In response to the defendant's cross-claim under the Contracts Review Act , the plaintiff says that the evidence cannot support a conclusion that there was any unfairness or inequality of bargaining position. Nor has any basis been laid for review of the Deed which could prevent the Court from giving effect to the express terms of the Deed. The defendant and her husband had an opportunity to obtain legal advice and her evidence after cross-examination was that she believed that she was entering into a binding legal arrangement at the time she entered into the Deed. She acknowledged that the agreement reflected the agreement between parties at the time it was made. In particular, she accepted that the Deed was intended to give effective enforceable legal protection to her parents to ensure that they would not be forced to leave the premises having regard to the fact that they had contributed substantial moneys to the purchase of the land and erection of the dwelling on the property.
The defendant submits that she was not involved in giving instructions to her brother to prepare the Deed and she says that it was executed sometime after the parents moved into the property in August 1982 after the sale of the Gorokan property. She also says that her father made representations to her about the Deed and the intentions of his wife and himself at the time of execution of the Deed although his wife was not present.
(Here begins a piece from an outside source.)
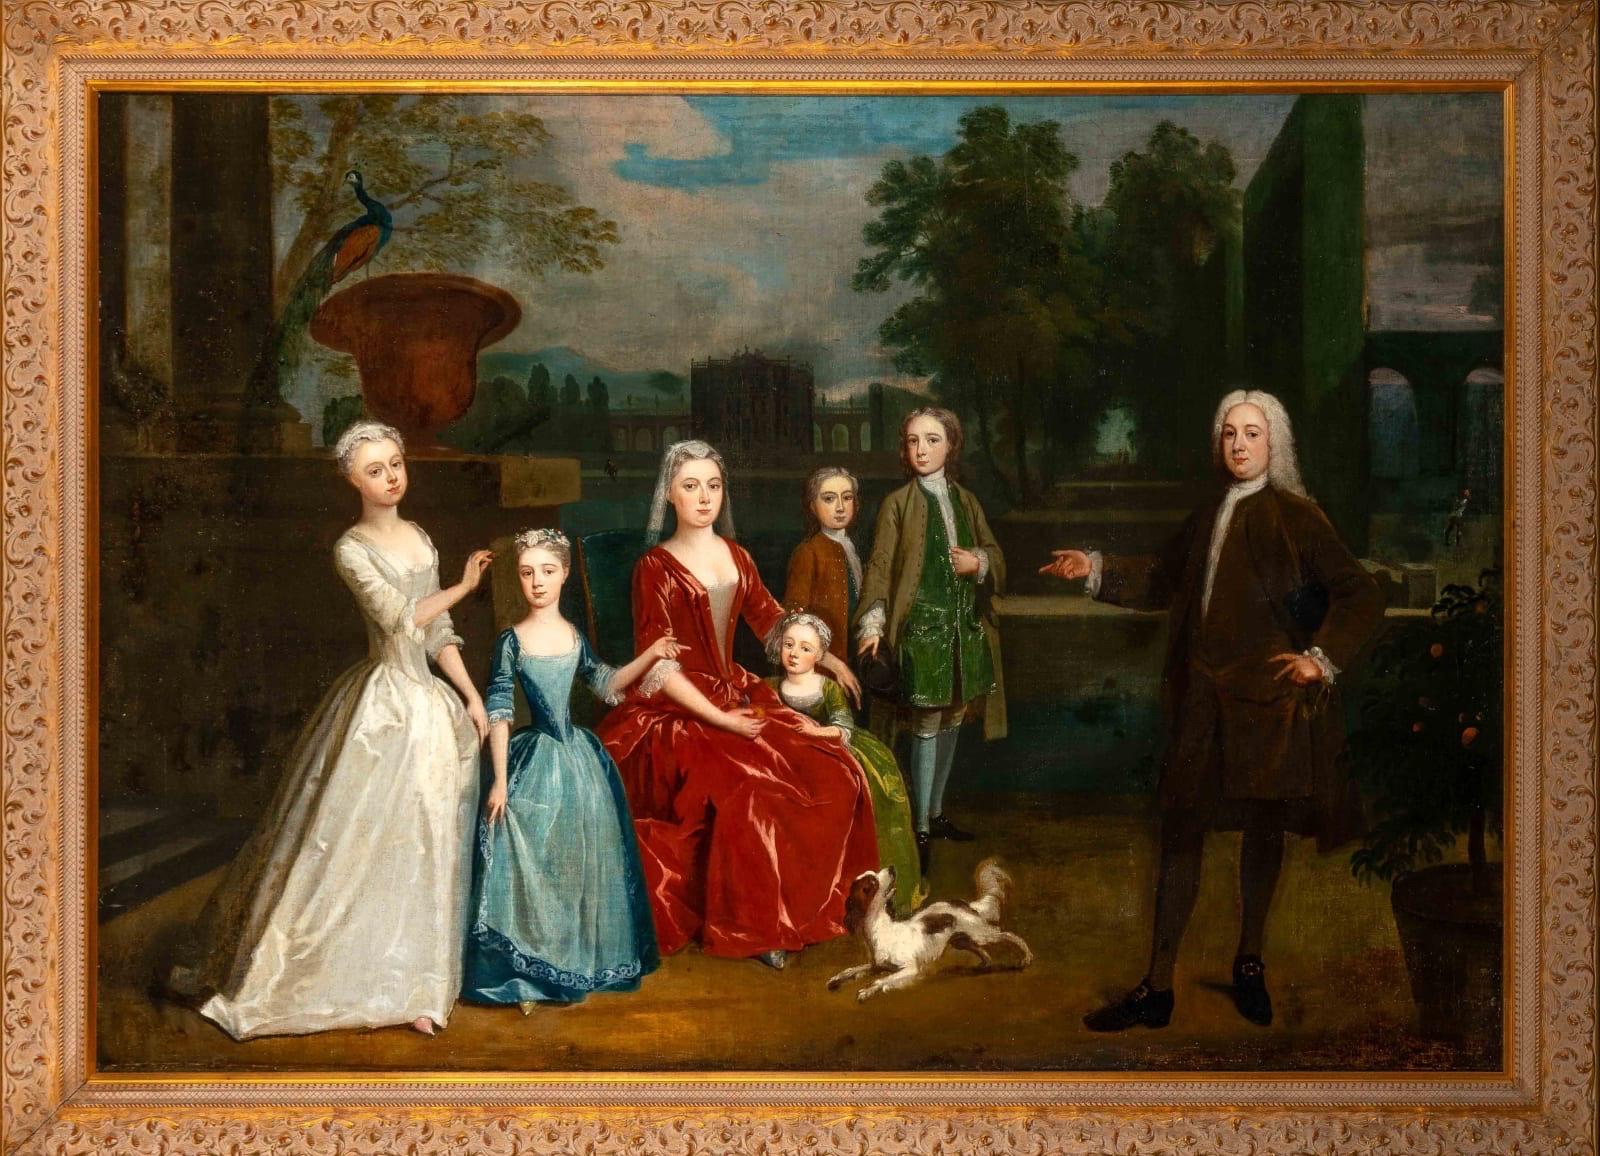 Portrait Painting Charles Philips - Tableau du XVIIIe siècle représentant la famille Dalbiac dans les jardins d'une maison de campagne
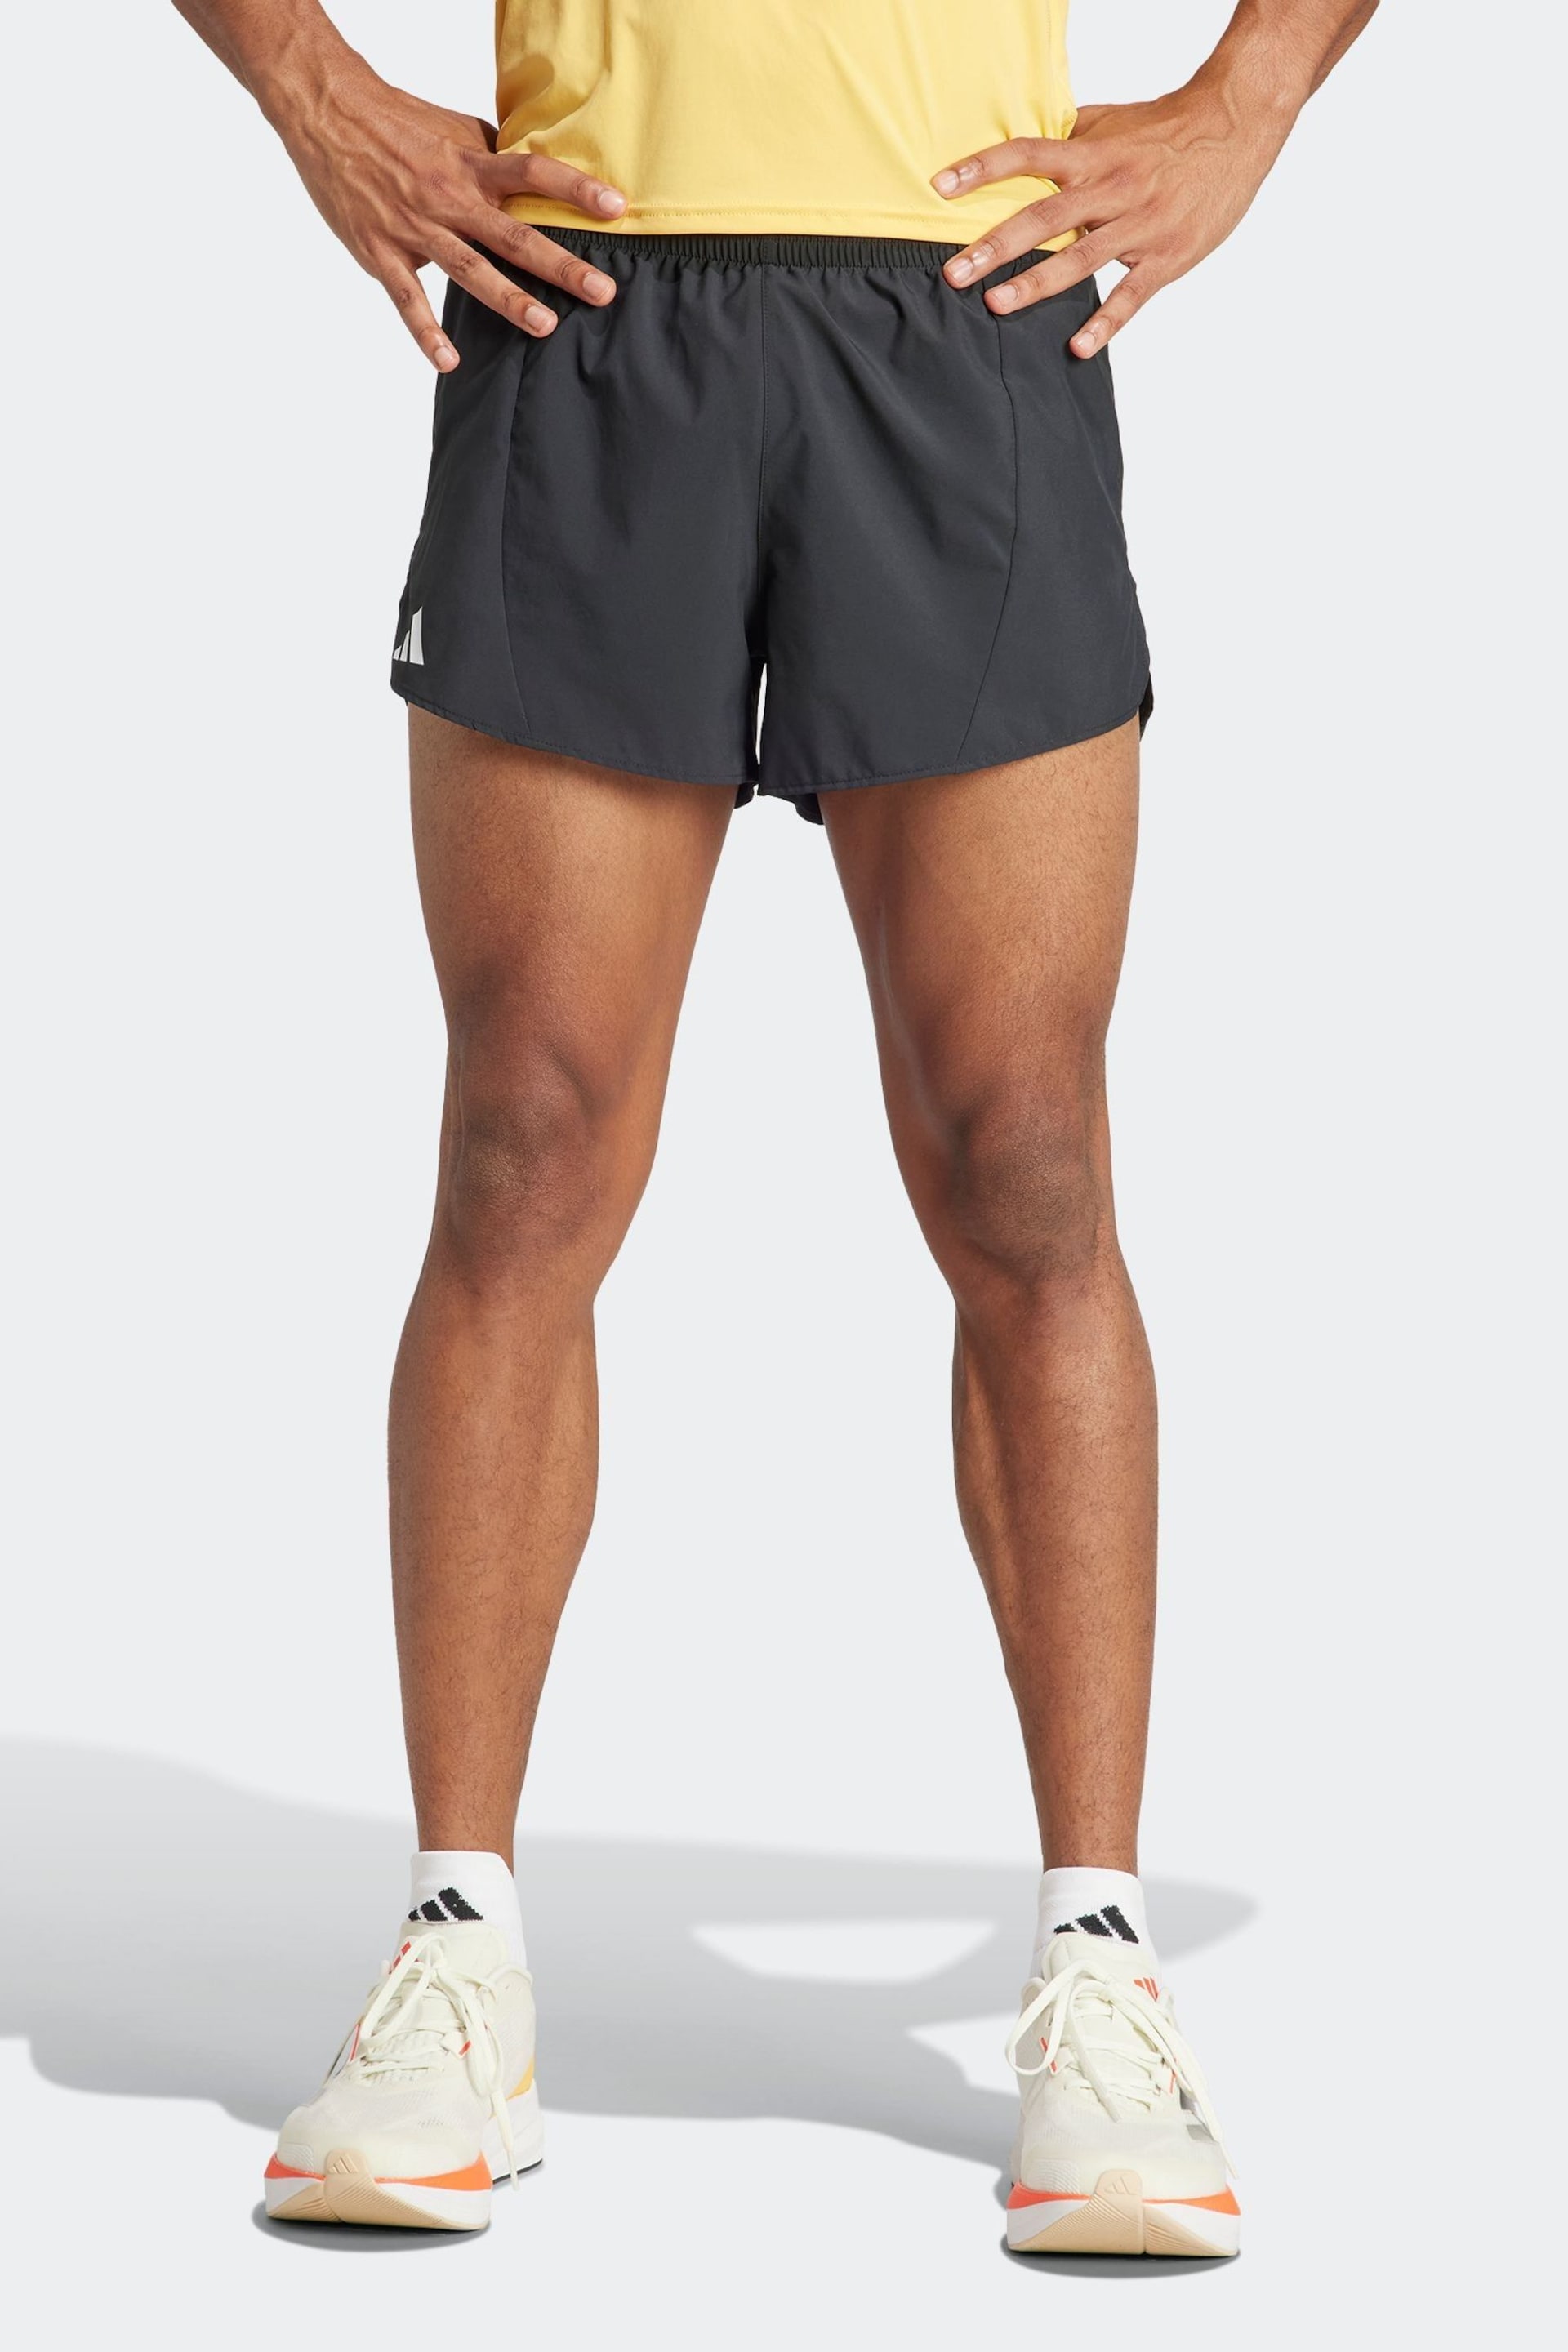 adidas Black Adizero Essential Running Shorts - Image 1 of 6

The defendant says that she and her husband signed the Deed and that she had not seen a copy of it or a draft prior to its production to her at the time she signed it.
She says that her parents executed wills in October 1987 in which they stated that they left their estates to one another but otherwise gave their interest to her and her husband.
She says this is consistent with the representations made to her by her father to the effect that she would have the entire property on the death of the survivor and that this is consistent with the Deed only having effect until the death of the survivor of the parents.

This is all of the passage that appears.